TASK PROMPT — Beginning with the line that contains "A beautiful day in a South Carolina wetland." in the material below, print each line exactly until the line that contains "Gelatin-based hydrogels for" has been printed, then stop.

━━━ MATERIAL PROVIDED

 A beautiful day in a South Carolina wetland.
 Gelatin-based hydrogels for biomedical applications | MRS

━━━━━━
━━━ MATERIAL PROVIDED

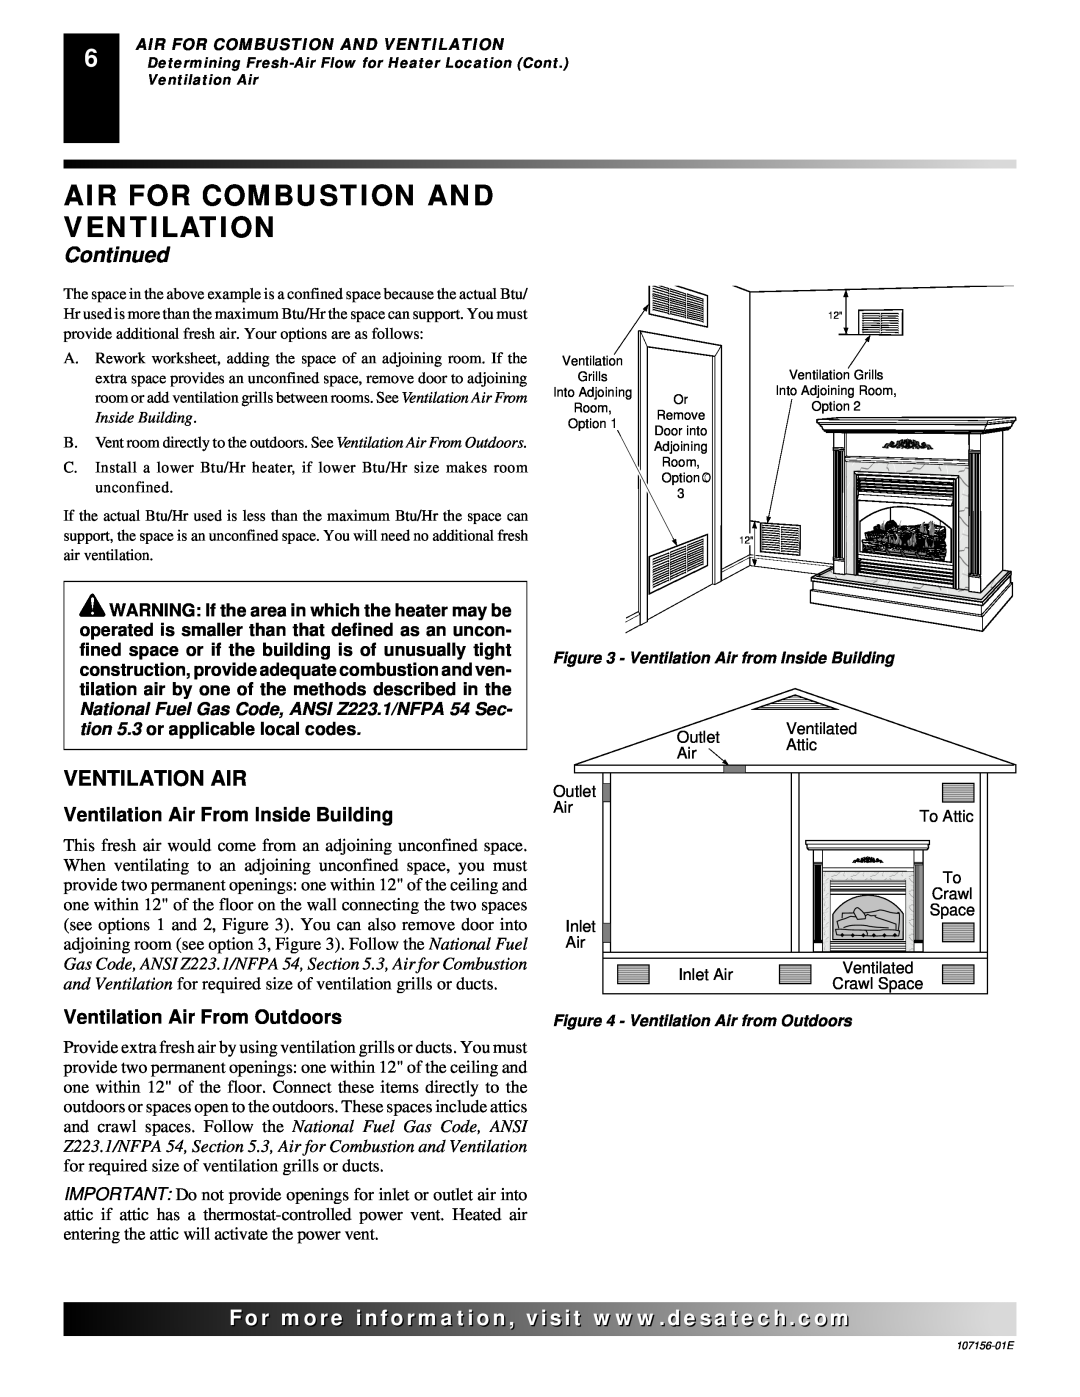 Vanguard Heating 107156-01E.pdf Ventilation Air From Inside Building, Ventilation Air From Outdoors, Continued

━━━━━━
━━━ MATERIAL PROVIDED

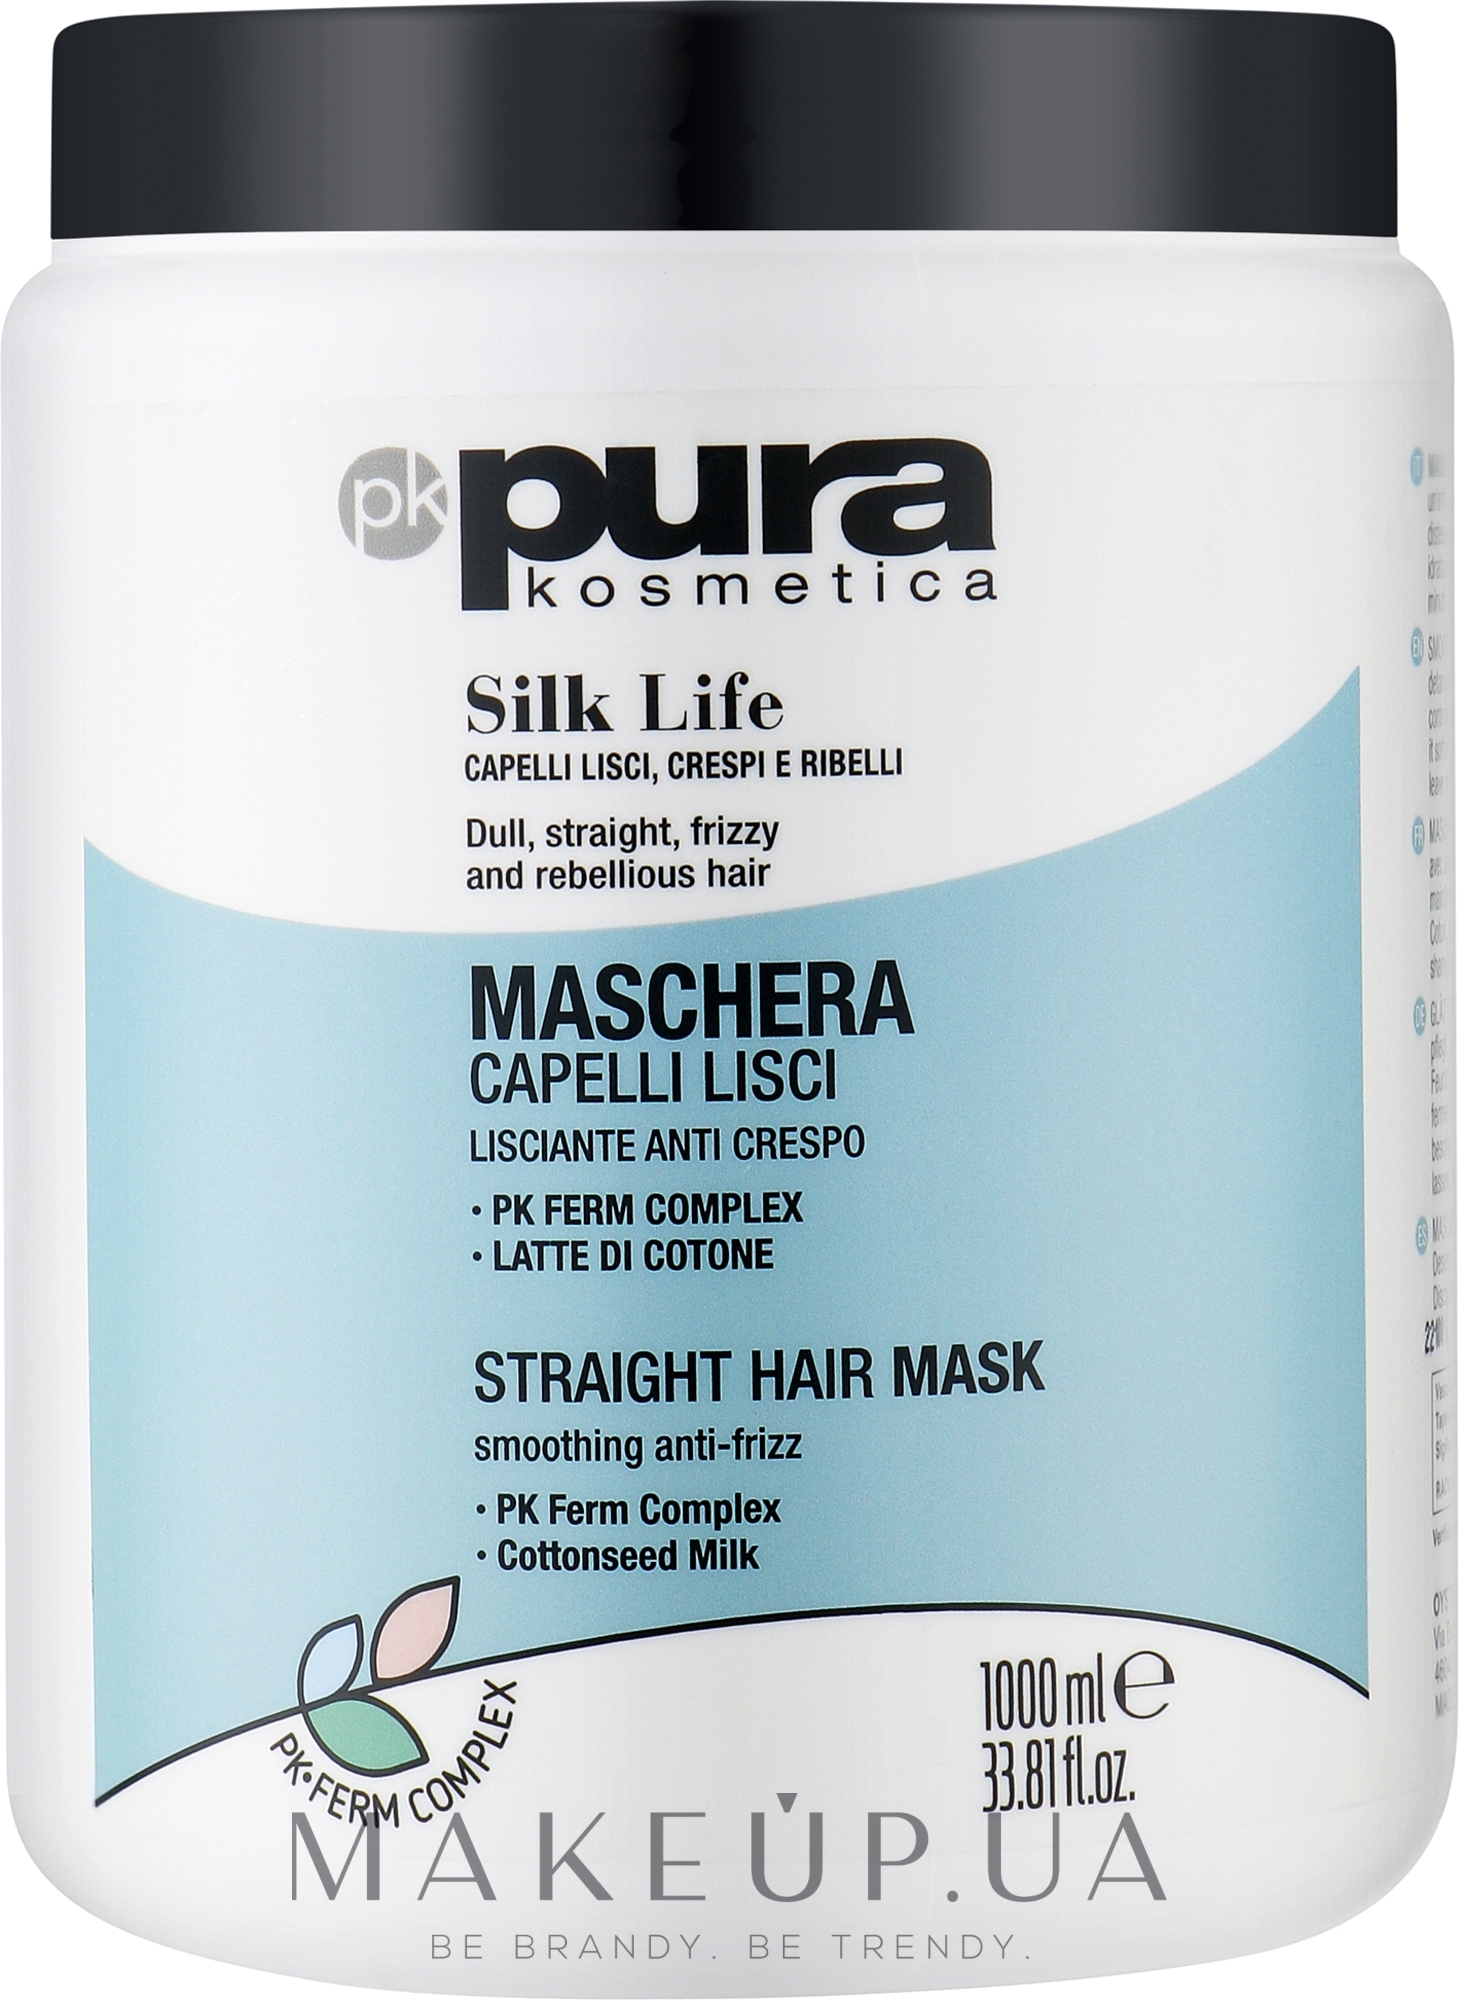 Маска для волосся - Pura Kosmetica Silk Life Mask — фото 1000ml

━━━━━━

RESPONSE —
 A beautiful day in a South Carolina wetland.
 Gelatin-based hydrogels for biomedical applications | MRS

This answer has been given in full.